**Dataset content:**
========================================

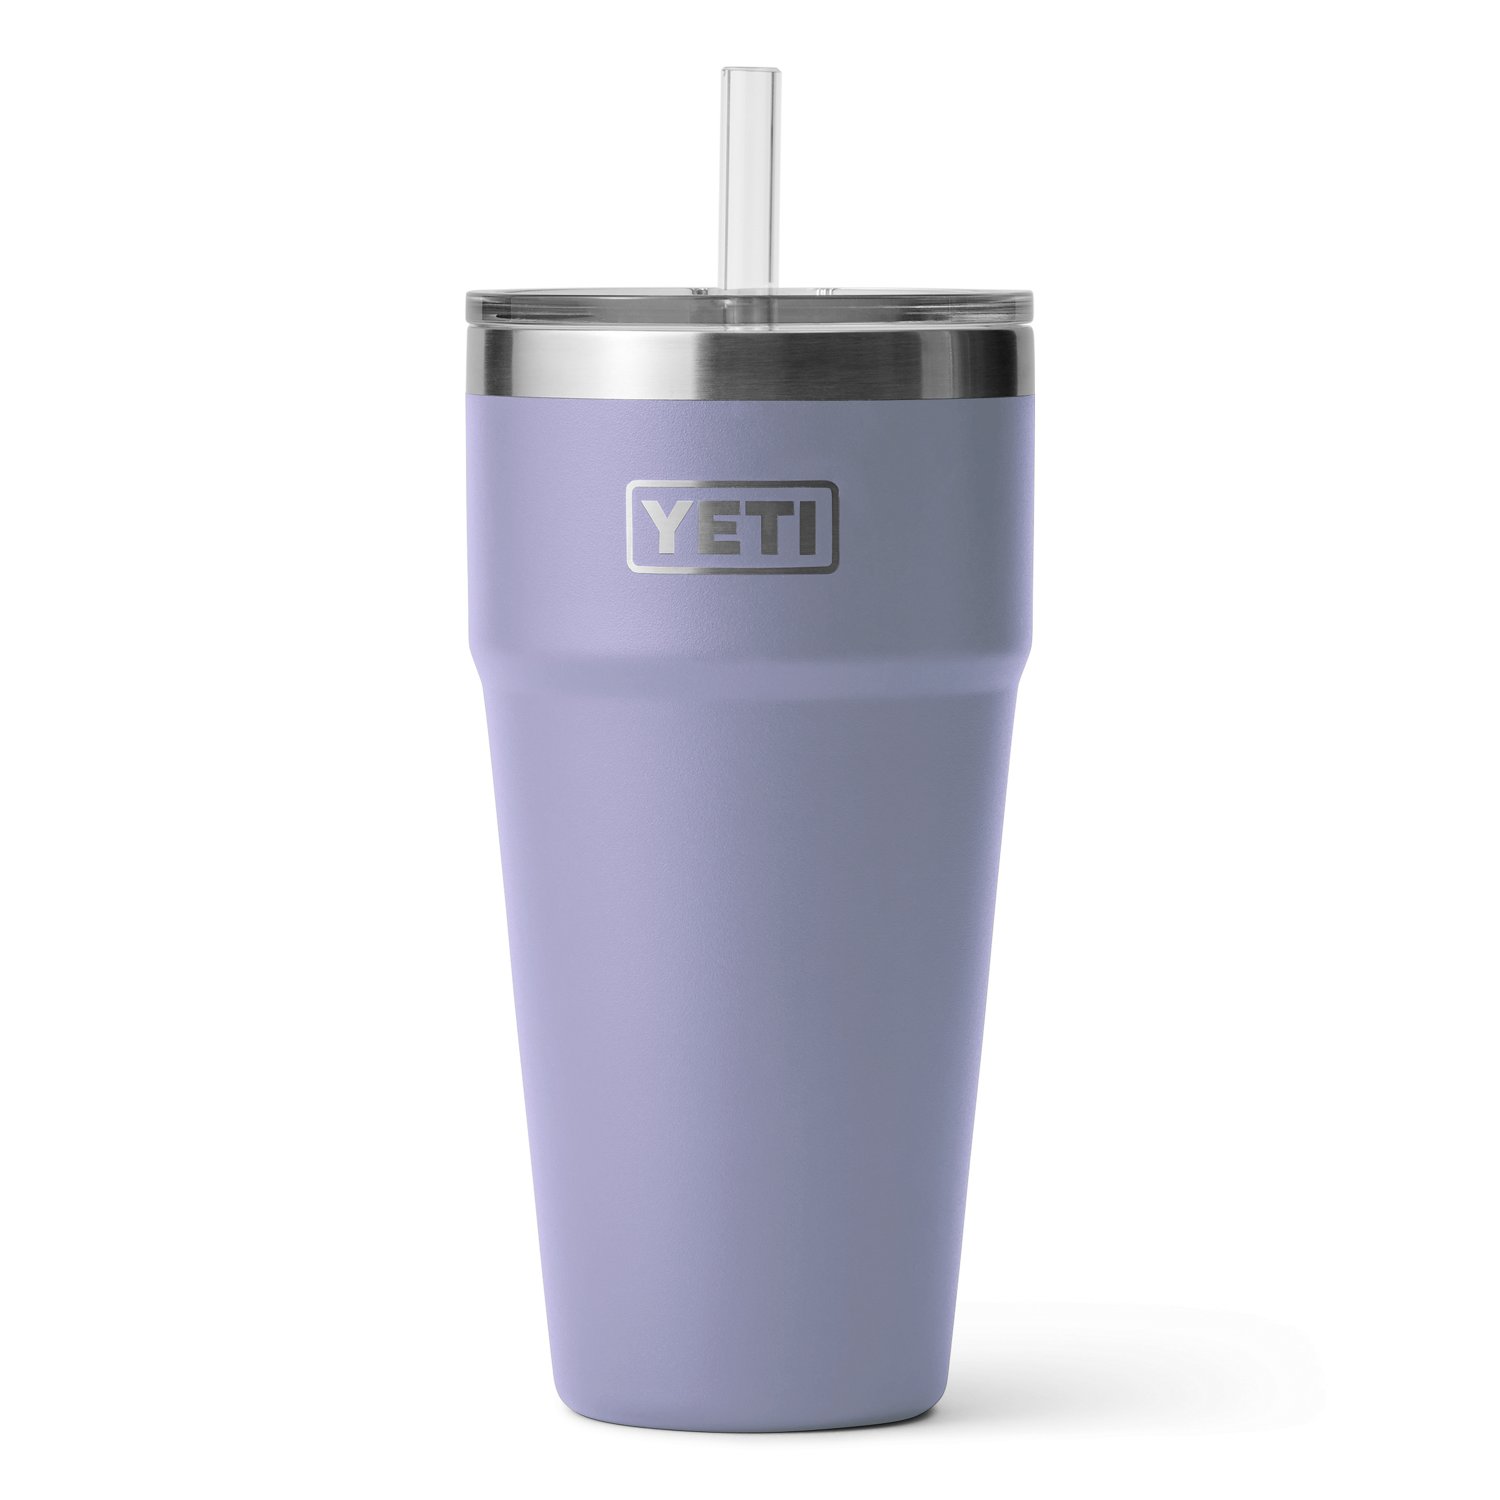 https://academy.scene7.com/is/image/academy//drinkware/yeti-rambler-26-oz-stackable-cup-with-straw-lid-21071501743-purple/og-image/cb9b5add3709494b8be58d8061284df9
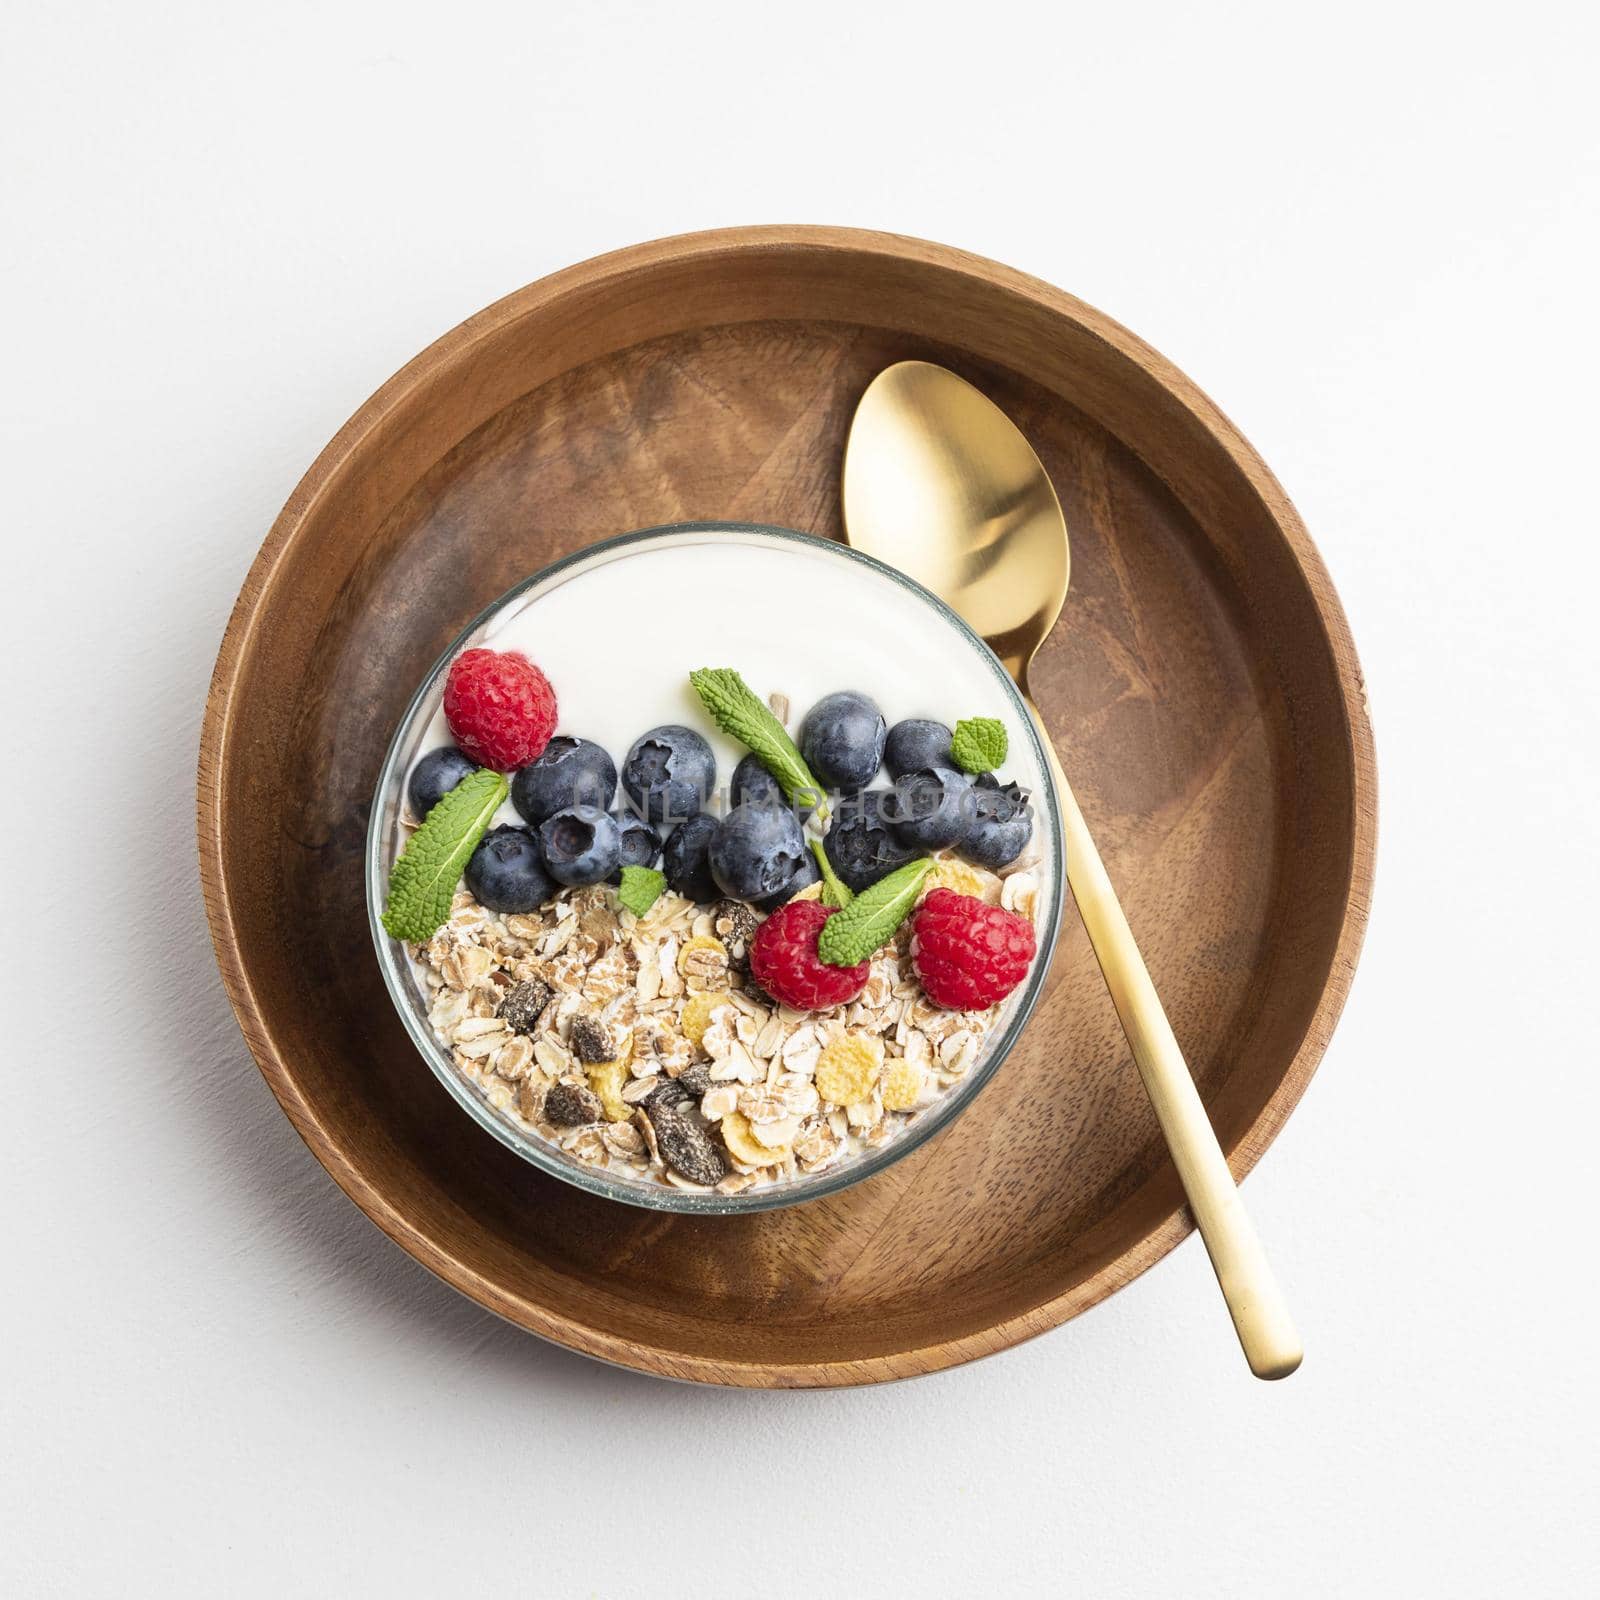 top view oatmeal bowl with raspberries blueberries2. High quality beautiful photo concept by Zahard
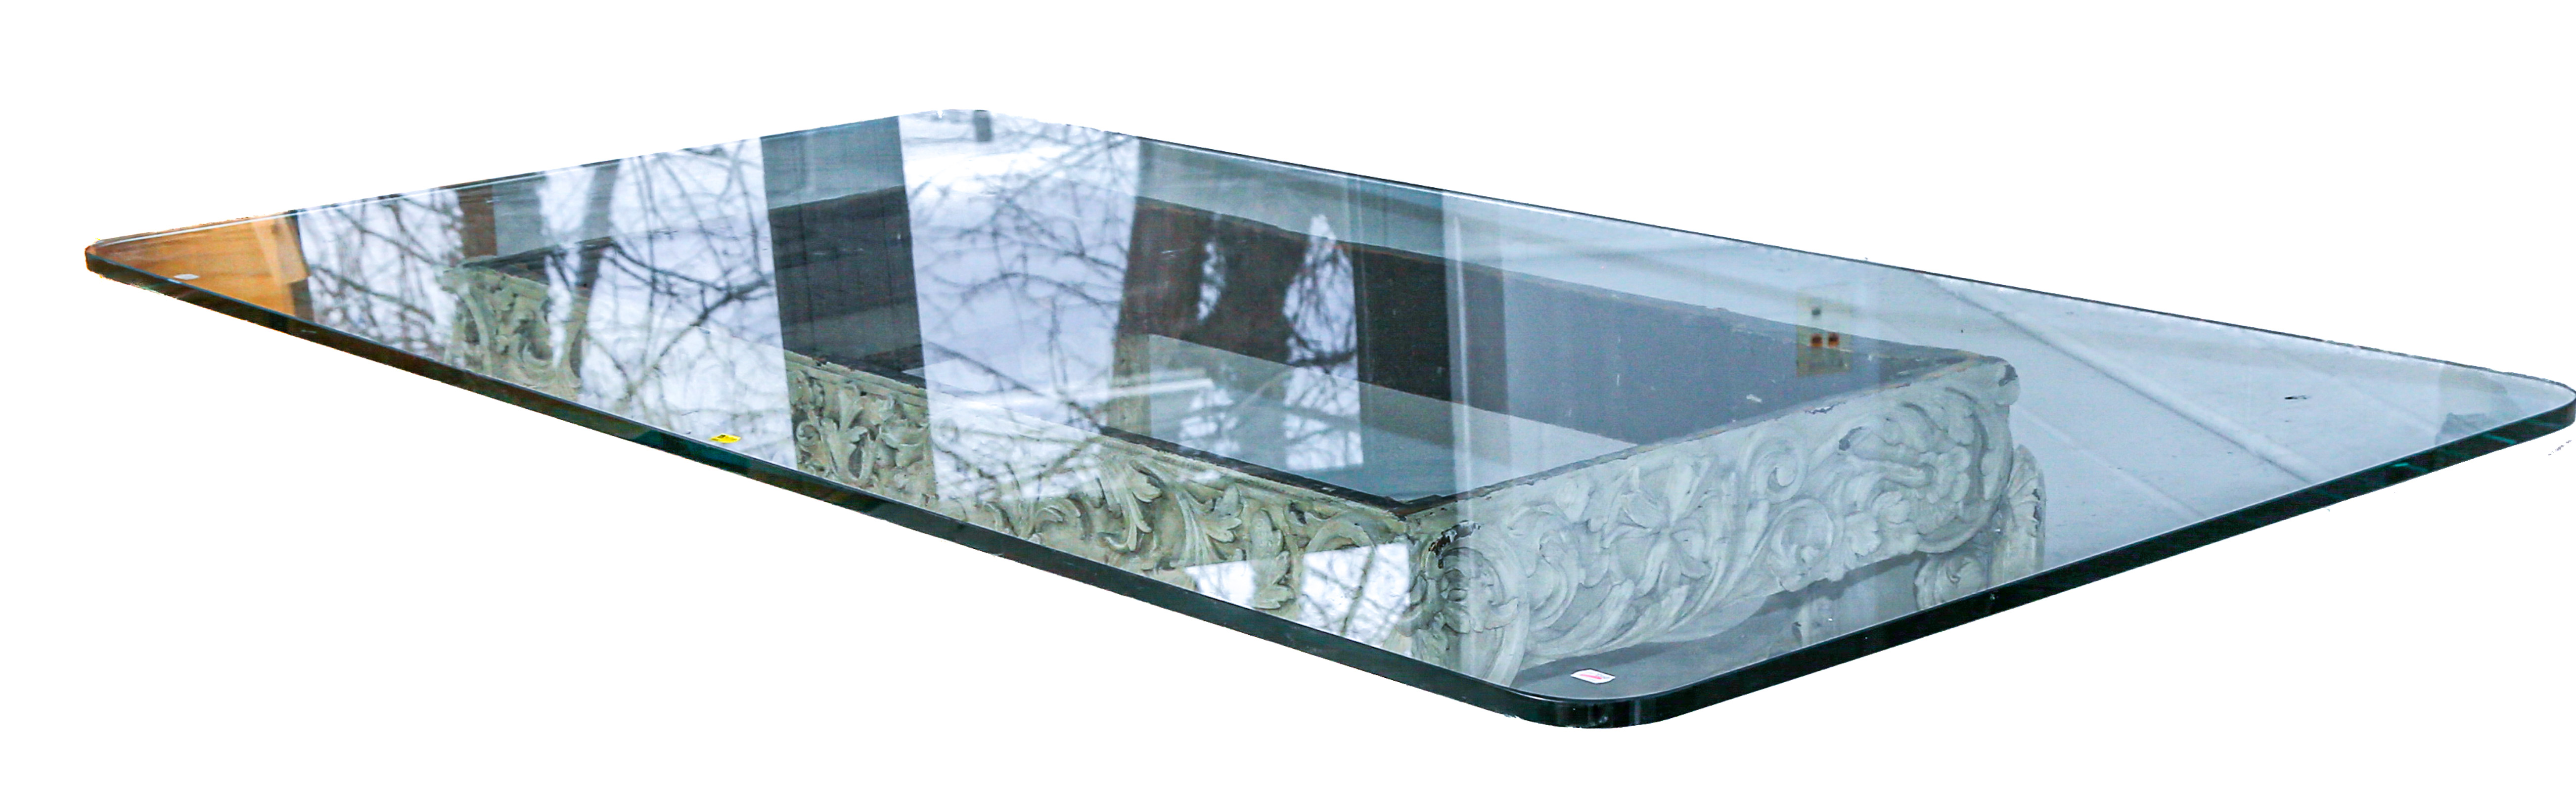 LARGE GLASS TABLETOP .

========================================

**Problem requirements:** Aside from its pictures, the listing must be given again in full, exactly as it appears.

**Result of the exercise:**
 https://academy.scene7.com/is/image/academy//drinkware/yeti-rambler-26-oz-stackable-cup-with-straw-lid-21071501743-purple/og-image/cb9b5add3709494b8be58d8061284df9
 top view oatmeal bowl with raspberries blueberries2. High quality beautiful photo concept by Zahard
 LARGE GLASS TABLETOP .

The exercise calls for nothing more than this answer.